Mr. Mendelsohn said he understood that technological shakeups take time to play out, and
that he can't bemoan every lost penny. "But as an author who creates texts that people
consume, I want my authorship to be recognized and I want to get compensated," he said.
Mr. Benkler, the Yale professor and author, argues that people will continue to pay for
books if the price is low enough. "Even in music, price can compete with free," Mr. Benkler
said. "The service has to be sufficiently better and the moral culture needs to be one
where, as an act of respect, when the price is reasonable, you pay. Its not clear to me why,
if people are willing to pay 99 cents for a song they won't be willing to pay $3 for a book."

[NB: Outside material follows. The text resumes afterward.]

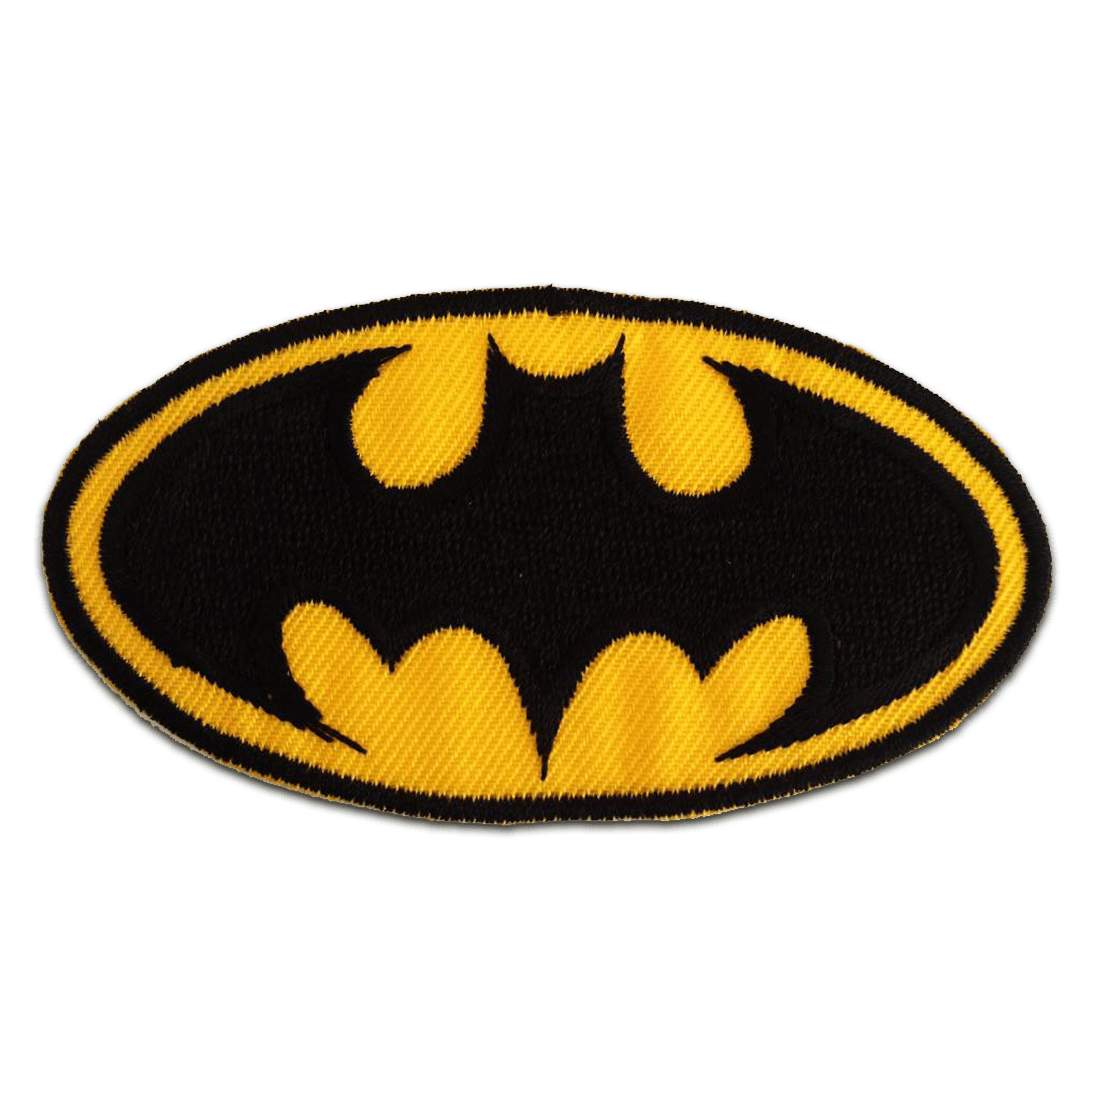 Batman Logo Superman Clip art - batman png download - 1100*1100 - Free  Transparent Batman png Download. - Clip Art Library

He argues that without the costs of paper and physical book production, publishers could
afford to give authors a higher cut of the sale price as royalties.
In the context of history, the changes that today's technology will impose on literary society
may not be as earth-shattering as some may think. In fact, books themselves are a
relatively new construct, inheritors of a longstanding oral storytelling culture. Mass-
produced books are an even newer phenomenon, enabled by the invention of the printing
press that likely put legions of calligraphers and bookbinders out of business.
That history gives great comfort to writers like Vikram Chandra, whose 1,000-page novel,
"Sacred Games," will be published in January. Mr. Chandra, a former computer
programmer who already reads e-books downloaded to his pocket personal computer, said
he saw no point in resisting technology. "I think circling the wagons and defending the
fortress metaphors are a little misplaced," he said. "The barbarians at the gate are usually
willing to negotiate a little, and the guys in the fort usually end up yelling that 'we are the
only good things in the world and you guys don't understand it,' at which point the
barbarians shrug, knock down your walls with their amazingly powerful weapons, and put a
parking lot over your sacred grounds.
"If they are in a really good mood," he added, "they put up a pyramid of skulls."
Mr. Danielewski said that the physical book would persist as long as authors figure out
ways to stretch the format in new ways. "Only Revolutions," he pointed out, tracks the
experiences of two intersecting characters, whose narratives begin at different ends of the
book, requiring readers to turn it upside down every eight pages to get both of their stories.
"As excited as I am by technology, I'm ultimately creating a book that can't exist online," he
said. "The experience of starting at either end of the book and feeling the space close
between the characters until you're exactly at the halfway point is not something you could
experience online. I think that's the bar that the Internet is driving towards: how to further
emphasize what is different and exceptional about books."